Example 2, Reformatting your data
Add a new search attribute: short_description
- Your company has added a new short description for every item. You want to see if this short description will help return more relevant results.
- Add the new attribute short_description to Index A.
- Create replica B, which will have all of the same attributes and settings as A.
- For B only, add the new attribute to its
searchableAttributes
settings. - You create a test called “Testing the new short description”.
- You have enough traffic to know that 7 days is sufficient.
- For the same reason as example 1, you give B only 30% usage (70/30) - because of the risk. You estimate that after 7 days, there will be enough data for both A and B to make a decision, and you’d rather not risk degrading an already good search with an untested attribute.
- Once you reach 95% confidence, you can judge the improvement and the cost of implementation to see whether this change is beneficial.
Example 3, enabling/disabling query rules: compare a query with and without merchandising
For this, you will have two kinds of searches:
- one with query rules enabled
- one with query rules disabled
Add a query rule to promote a hit
- Your company has just received the new iphone.

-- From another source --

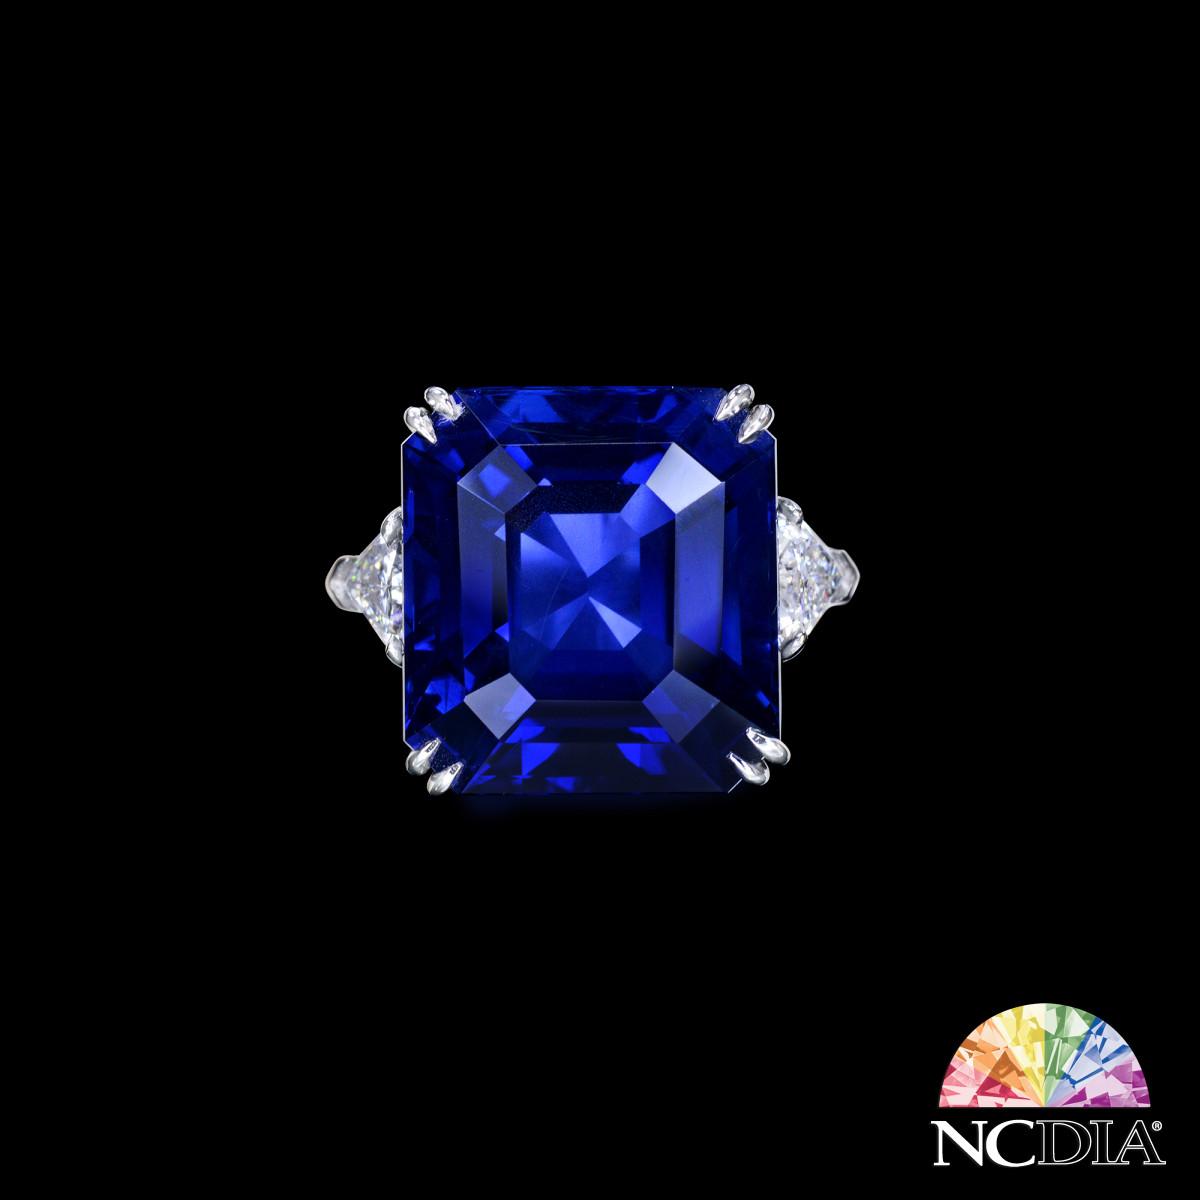 Over 27ct Unheated Emerald Cut Royal Blue Burmese Sapphire Diamond Ring, GUB/SSEF cert ava.
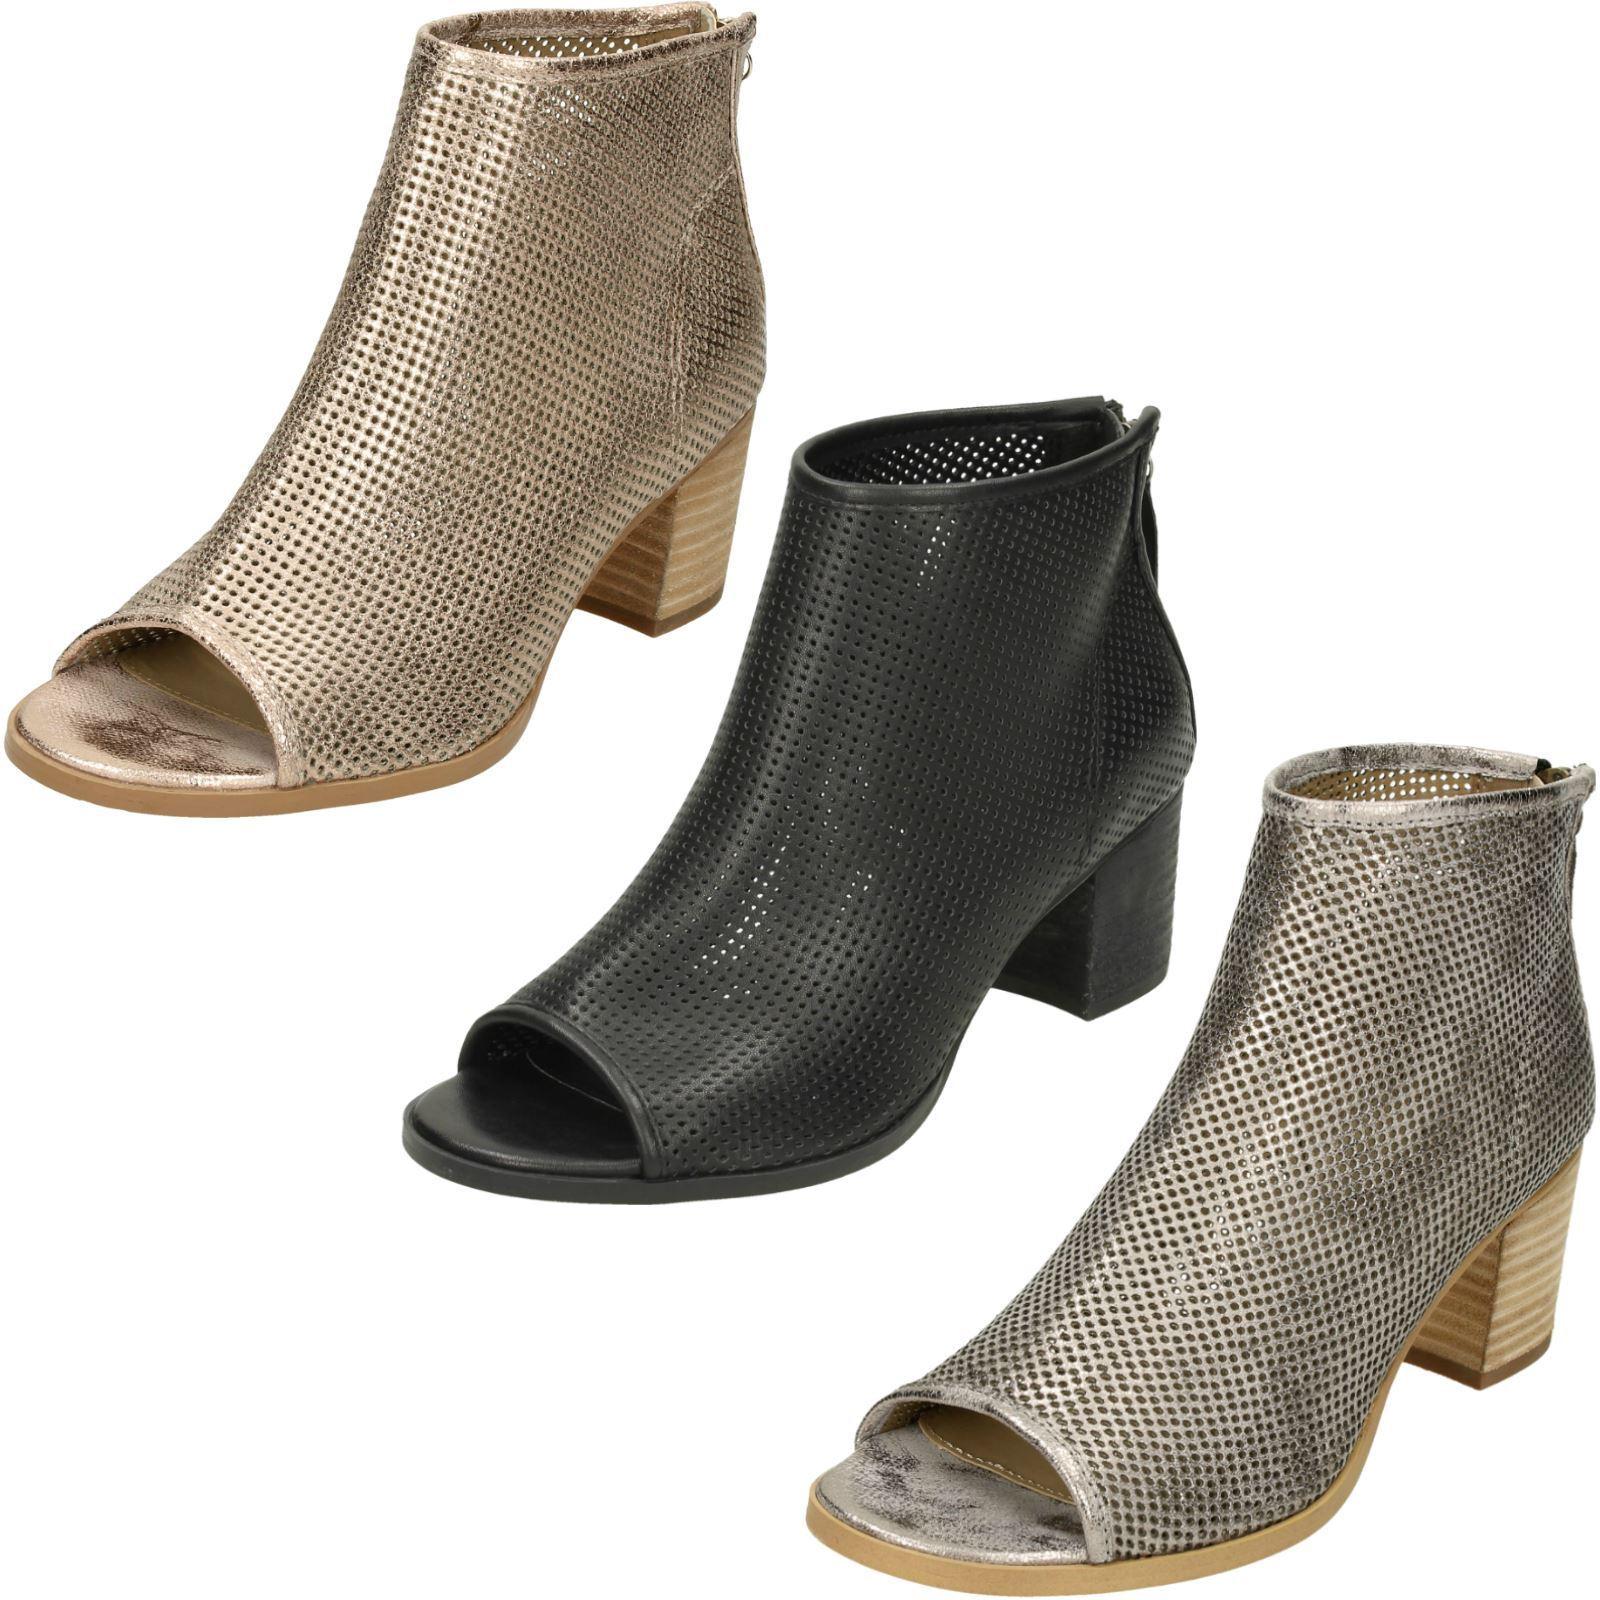 mesdames savannah les les savannah escarpins bottes d64c11

You want this item to appear at the top of the list for all searches that contain “apple” or “iphone” or “mobile”.
- You want to see if by putting the new iphone at the top, this will encourage more traffic or sales.
- You create a test called “Testing newly-released iphone merchandising”.
- Your index should have query rules enabled. This is A.
- For your variant B, add a query parameter to disable query rules.
- You have enough traffic to know that 7 days is sufficient.
- For the same reason as example 1, you give B only 30% usage (70/30) - because of the risk. You estimate that after 7 days, there will be enough data for both A and B to make a decision, and you’d rather not risk degrading an already good search with an untested attribute.
- Once you reach 95% confidence, you can judge the improvement and the cost of implementation to see whether this change is beneficial.